LeetCode 844 — Backspace String Compare — uses the exact same core mechanic: a hash "#" character acts as a backspace, deleting the previous character. The difference is that LeetCode 844 asks you to compare two processed strings for equality, while LeetCode 2390 asks you to return the processed string. The stack template that solves 2390 directly solves 844 as well — just run it on both input strings and compare the results.

Recognizing this family of problems — "character + delete signal" processed left to right — is a valuable pattern to internalize. Any time a problem describes a character that removes or cancels the character before it, reach for a stack. The delete signal (star, hash, or another marker) always maps to a pop, and every other character maps to a push.

Both problems are O(n) time and O(n) space. LeetCode 844 has a follow-up asking for O(1) space using two pointers scanning right to left, but that optimization applies to the comparison version and not to 2390 which must reconstruct the full output string.

Trace through "leet**cod*e" step by step. The string has 11 characters: l, e, e, t, *, *, c, o, d, *, e. Start with an empty stack [].

Process l → push → [l]. Process e → push → [l, e]. Process e → push → [l, e, e]. Process t → push → [l, e, e, t]. Process * → pop t → [l, e, e]. Process * → pop e → [l, e]. Process c → push → [l, e, c]. Process o → push → [l, e, c, o]. Process d → push → [l, e, c, o, d]. Process * → pop d → [l, e, c, o]. Process e → push → [l, e, c, o, e].

Join the stack: "lecoe". This is the correct answer. Notice that the two consecutive stars at positions 4-5 removed t then e (the two most recently pushed characters), and the star at position 9 removed d immediately after it was pushed. The stack cleanly handles all three deletions without any index arithmetic.

Python implementation: use a list as the stack. stack = []; for ch in s: if ch != "*": stack.append(ch); else: stack.pop(); return "".join(stack). Time complexity: O(n) — each character is pushed at most once and popped at most once. Space complexity: O(n) for the stack. A Python one-liner using functools.reduce is also possible — reduce(lambda acc, ch: acc[:-1] if ch == "*" else acc + ch, s, "") — but this builds intermediate strings and is O(n^2) in the worst case due to string concatenation; avoid it for large inputs.

Java implementation: use a StringBuilder as a stack surrogate. StringBuilder sb = new StringBuilder(); for (char ch : s.toCharArray()) { if (ch != '*') { sb.append(ch); } else { sb.deleteCharAt(sb.length() - 1); } } return sb.toString(). StringBuilder.deleteCharAt operates on an internal char array, making pop O(1) amortized. Return sb.toString() for the final result.
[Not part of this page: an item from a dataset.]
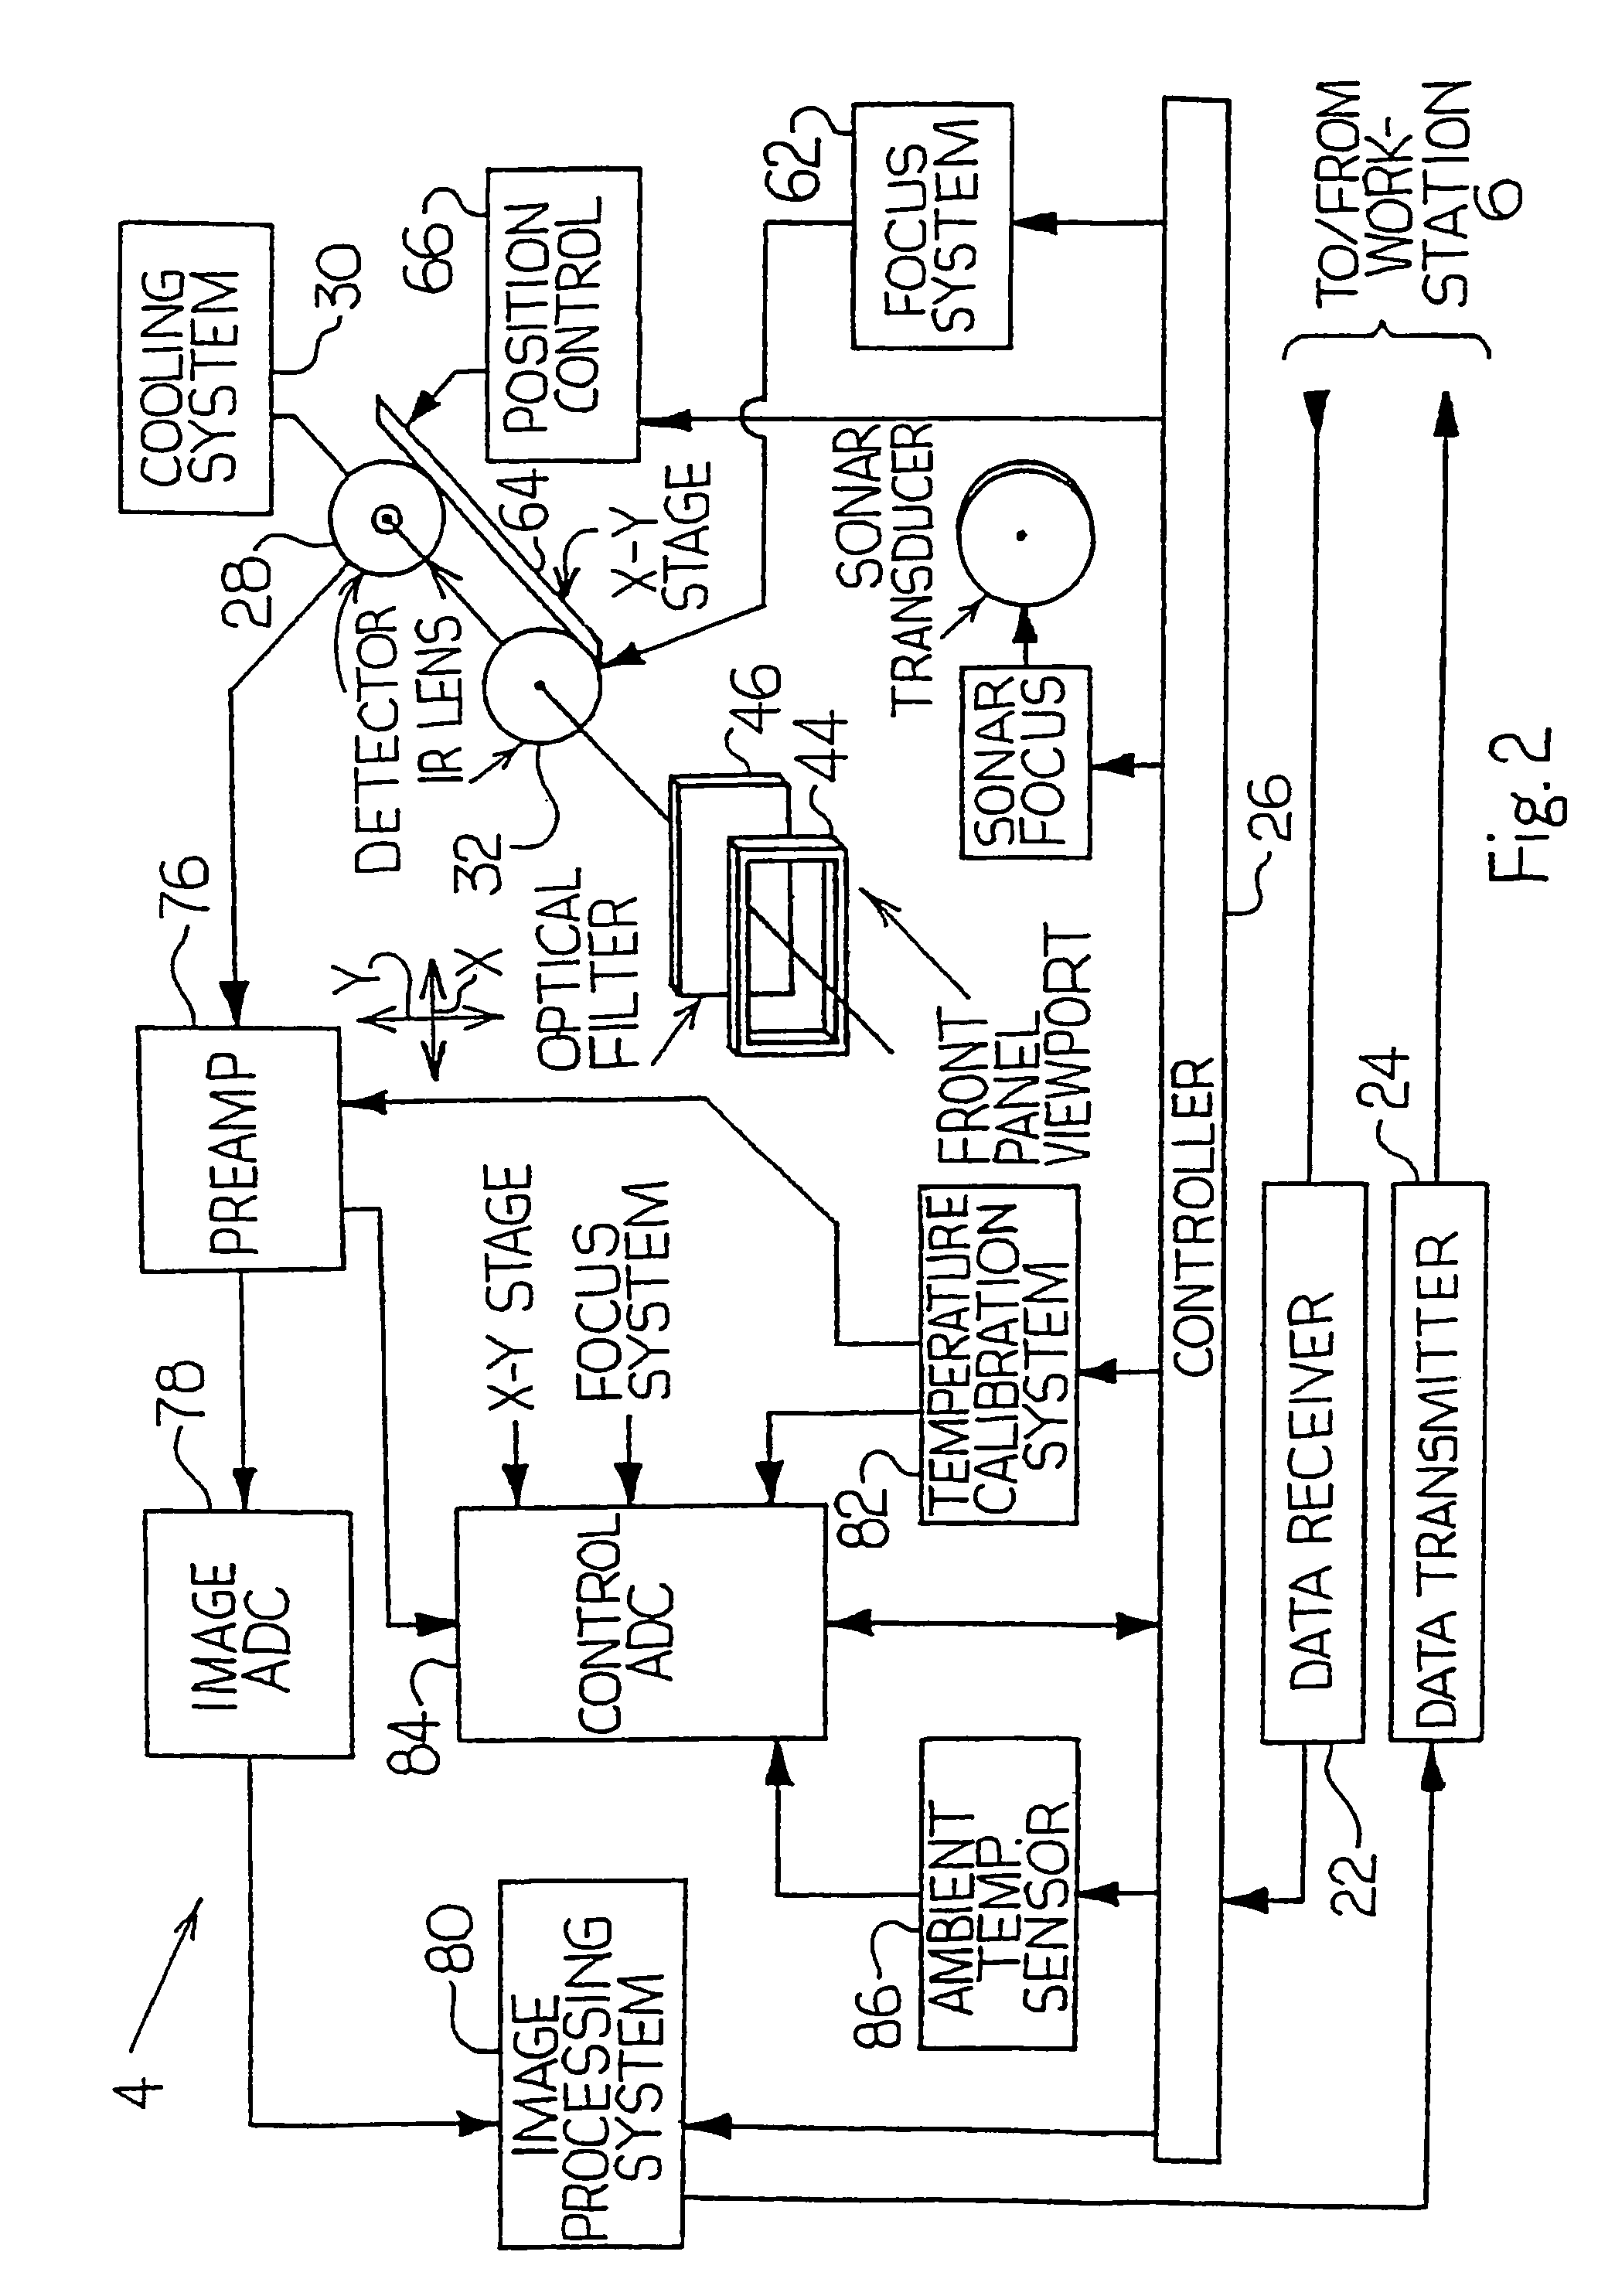 System and method for identifying and classifying dynamic thermodynamic processes in mammals and discriminating between and among such processes

Alternatively, use a Deque<Character> as an explicit stack and collect the result in order.

Both implementations are single-pass O(n) solutions. The Python list and the Java StringBuilder both support O(1) amortized append and O(1) remove-from-end, making them equivalent in performance. The key is to avoid any solution that builds the result using string concatenation in a loop, which degrades to O(n^2).

Decode String — LeetCode 394 — uses a stack to handle nested bracket-based repetition: push context on "[" and pop to expand on "]". Like 2390, the stack tracks what has been built so far, but here the stack holds (string, count) pairs rather than individual characters. Both problems share the "maintain a running result on a stack, modify it based on a special character" structure.

Valid Parentheses — LeetCode 20 — is the simplest stack string problem: push opening brackets and pop on closing ones, checking that each closing bracket matches the top of the stack. Asteroid Collision — LeetCode 735 — involves integers where negative values destroy positive ones to their left, structurally identical to the star-deletion pattern but with a comparison step on each potential collision.

Together, Removing Stars, Backspace String Compare, Valid Parentheses, Asteroid Collision, and Decode String form the stack string processing family. Each one uses a stack to simulate a sequential build-and-undo or build-and-match process. Mastering the template — push on regular input, pop on special signals, report the stack at the end — covers all of them.